The Judicial Conference of the United States has announced today approved key steps to improve public access to federal courts by increasing the availability of court opinions and expanding the services and reducing the costs for many users of the Public Access to Electronic Court Records (PACER) system. At its biannual meeting in Washington, D.C., the Conference voted to:
-- Allow courts, at the discretion of the presiding judge, to make digital audio recordings of court hearings available online to the public through PACER, for $2.40 per audio file.
— Adjust the Electronic Public Access fee schedule so that users are not billed unless they accrue charges of more than $10 of PACER usage in a quarterly billing cycle, in effect quadrupling the amount of data available without charge. Currently, users are not billed until their accounts total at least $10 in a one-year period.
— Approve a pilot in up to 12 courts to publish federal district and bankruptcy court opinions via the Government Printing Office’s Federal Digital System (FDsys) so members of the public can more easily search across opinions and across courts.
The Conference approved the plan to make digital audio recordings available on PACER after a two-year pilot project showed significant public interest in accessing these files.
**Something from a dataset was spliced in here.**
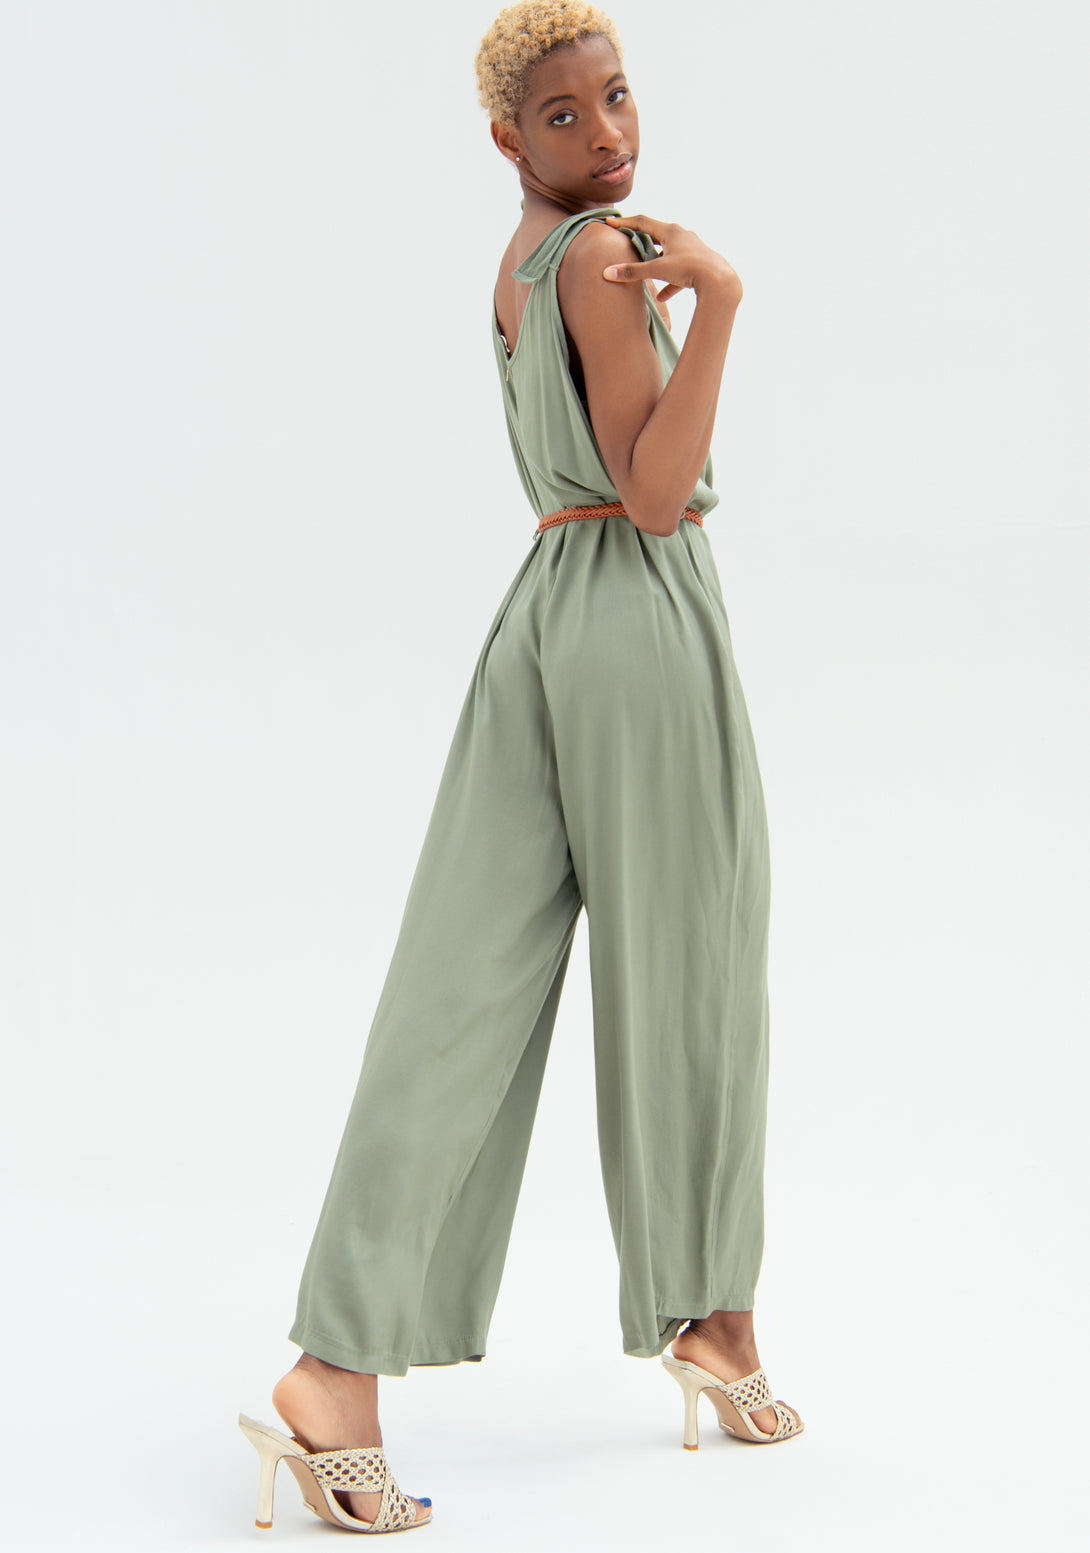 Jumpsuit regular fit with no sleeves
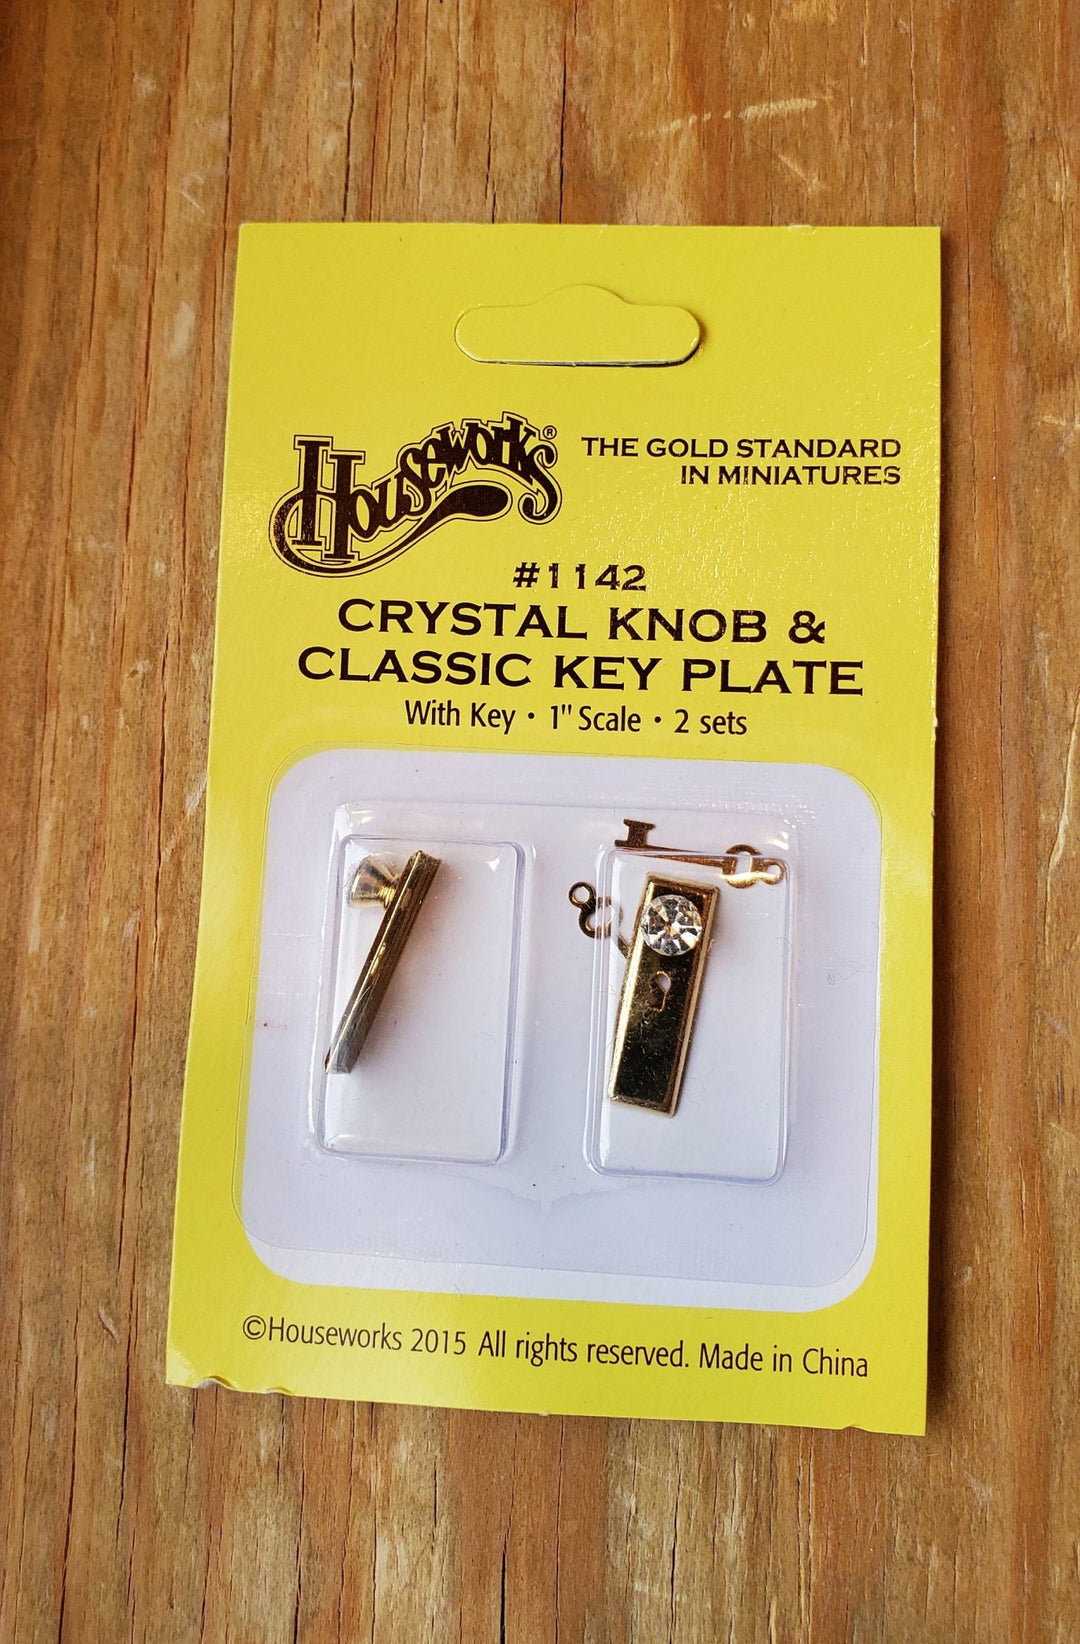 Dollhouse Miniature Door Knobs Handles Gold with Crystal Knobs & Keyhole 1:12 Scale - Miniature Crush

Prior to the pilot, such access was possible only by obtaining a CD recording from a court clerk’s office for $26. During the pilot, Internet access to the same content cost eight cents, but the $2.40 fee approved today was deemed by the Conference to be reasonable and come closest to recouping, but not exceeding, costs. Digital audio recording is used in most bankruptcy and district courts (where magistrate judges account for most of the usage).
For printed court documents, the $10 fee waiver affects tens of thousands of PACER users. In fiscal year 2009, about 153,000 PACER account holders—nearly half of all active accounts— did not receive a bill. For that 12-month period, a quarterly waiver would have affected an additional 85,000 accounts— resulting in 75 percent of all active accounts not receiving bills. Analysis of fiscal year 2008 billing data showed a similar impact.